His name is associated with Stargardt disease, an hereditary eye disease that is one of the most common causes of childhood macular degeneration….
|Born||Karl Stargardt4 December 1875|
|Died||2 April 1927 (aged 51)|
Who discovered Stargardt disease?
Stargardt’s Disease It’s named after German eye doctor Karl Stargardt, who discovered it in 1901. It affects about one in 10,000 children in the U.S. Although the disease starts before age 20, you may not notice vision loss until age 30 to 40.
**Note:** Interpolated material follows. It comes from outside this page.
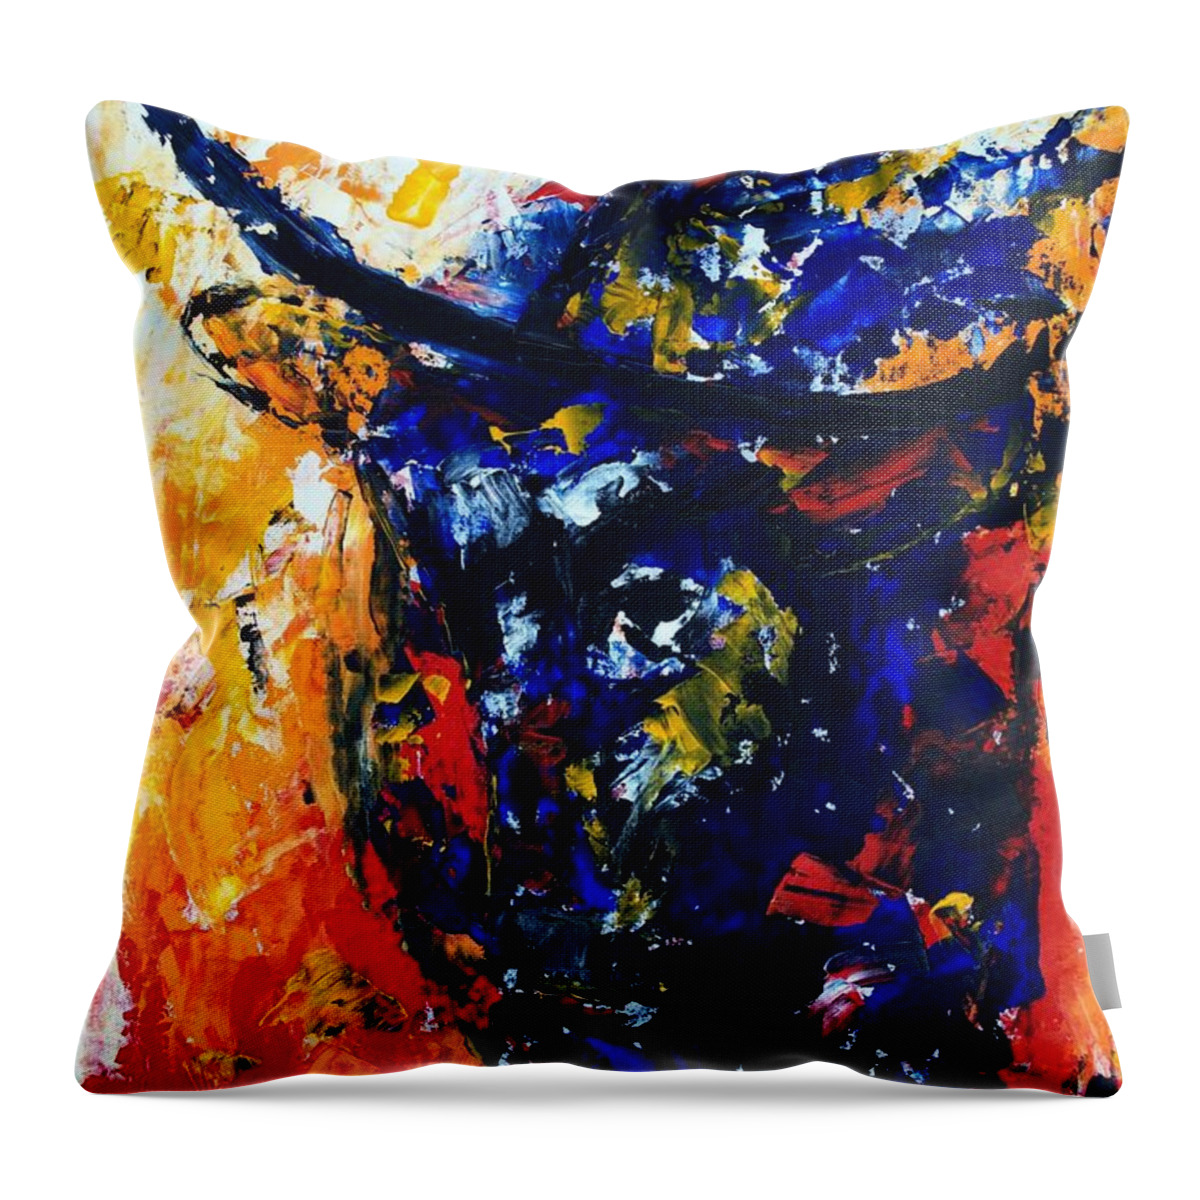 Bull Throw Pillow featuring the painting Bull by Lidija Ivanek - SiLa

When was Stargardt disease discovered?
Of those cases, the most common cause is Stargardt disease, named for Karl Stargardt, a German ophthalmologist who first reported a case in his practice in 1901.
How rare is Stargardt?
Stargardt macular degeneration is the most common form of juvenile macular degeneration, the signs and symptoms of which begin in childhood. The estimated prevalence of Stargardt macular degeneration is 1 in 8,000 to 10,000 individuals.
Is Stargardt disease genetic?
In Stargardt disease, this gene doesn’t work — so the fatty material builds up in yellowish clumps on the macula. Over time, this fatty material kills the light-sensitive cells and destroys your central vision. Stargardt disease is an inherited genetic disease, which means it gets passed down from parents to children.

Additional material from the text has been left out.